Ellos apelarán a buscar las raíces de su tierra y perseguir una renovación pictórica en su país y darle a su arte una idiosincrasia propia, reconocible y fuera de cualquier marco de influencia. Así nacía ese movimiento caníbal denominado Antropofagia que anhelaba encontrar los paradigmas esenciales de la cultura brasileña.

Tarsila do Amaral fundaría una pintura, la gran pintura modernizadora de Brasil, a través de una obra que conjugaba el arte europeo con el imaginario indígena y la cultura popular. Readaptó los ismos del Viejo Continente a la realidad cotidiana que vivía. Hasta finales de los años treinta, gracias a los viajes que realizaría por las ciudades, pueblos y selvas, reflejaría en sus cuadros la industrialización, las gentes que encontraba y los animales. Tomaba sus tópicos culturales y reflejaba, con un alarde de colorismo, la multiculturalidad y la multirracialidad que veía. En su afán por pintar estas realidades caería en una primera paradoja. Ella, una pintora blanca, procedente de la alta burguesía, que pertenecía a una familia esclavista y con prejuicios de su clase, afrontó el primitivismo y la negritud sin conciencia de los errores que cometía, cayendo en algunas ideas que hoy son criticadas.

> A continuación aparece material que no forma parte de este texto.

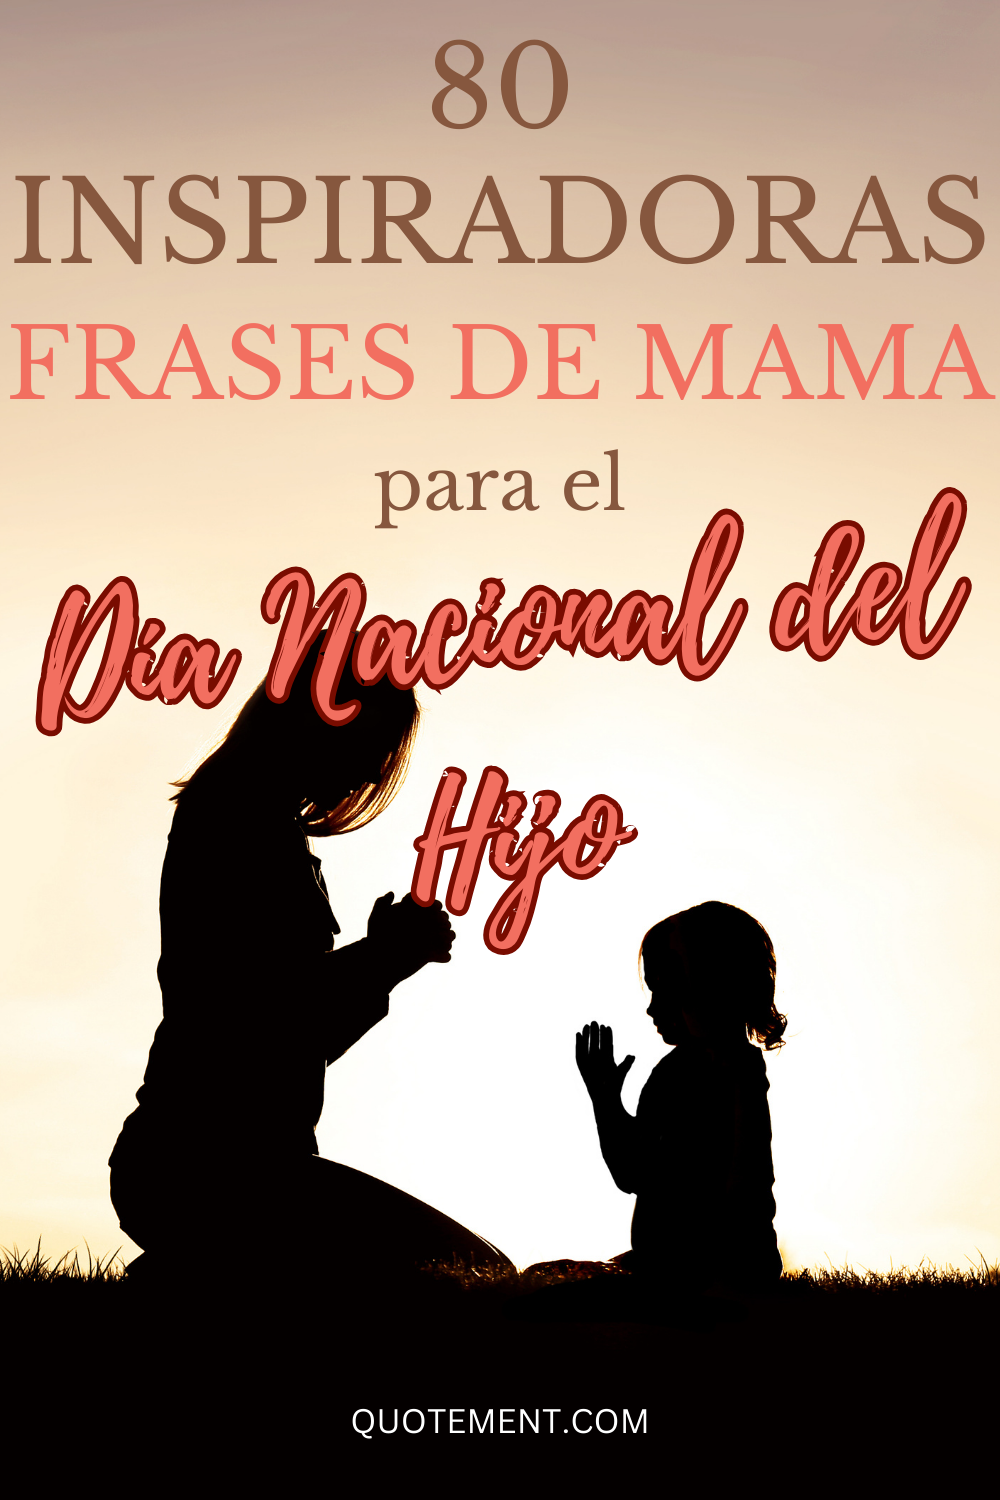 80 frases de mamá para el Día Nacional del Hijo para compartir tu amor

Aunque en la muestra falten «La negra», un óleo muy controvertido, que no se ha cedido, y «Abaporu», que nunca se presta, la muestra recoge los dibujos preparatorios del primer lienzo, que es un retrato de la mujer que cuidó de ella cuando era niña. Una obra que, junto a otras, da una imagen de la población negra que peca de una mirada, la de su época, pero que hoy es inapropiada y que, en estos tiempos de correcciones, no ha pasado desapercibida, a pesar de haber sido ella una gran renovadora y que su obra esté al alza en el mercado.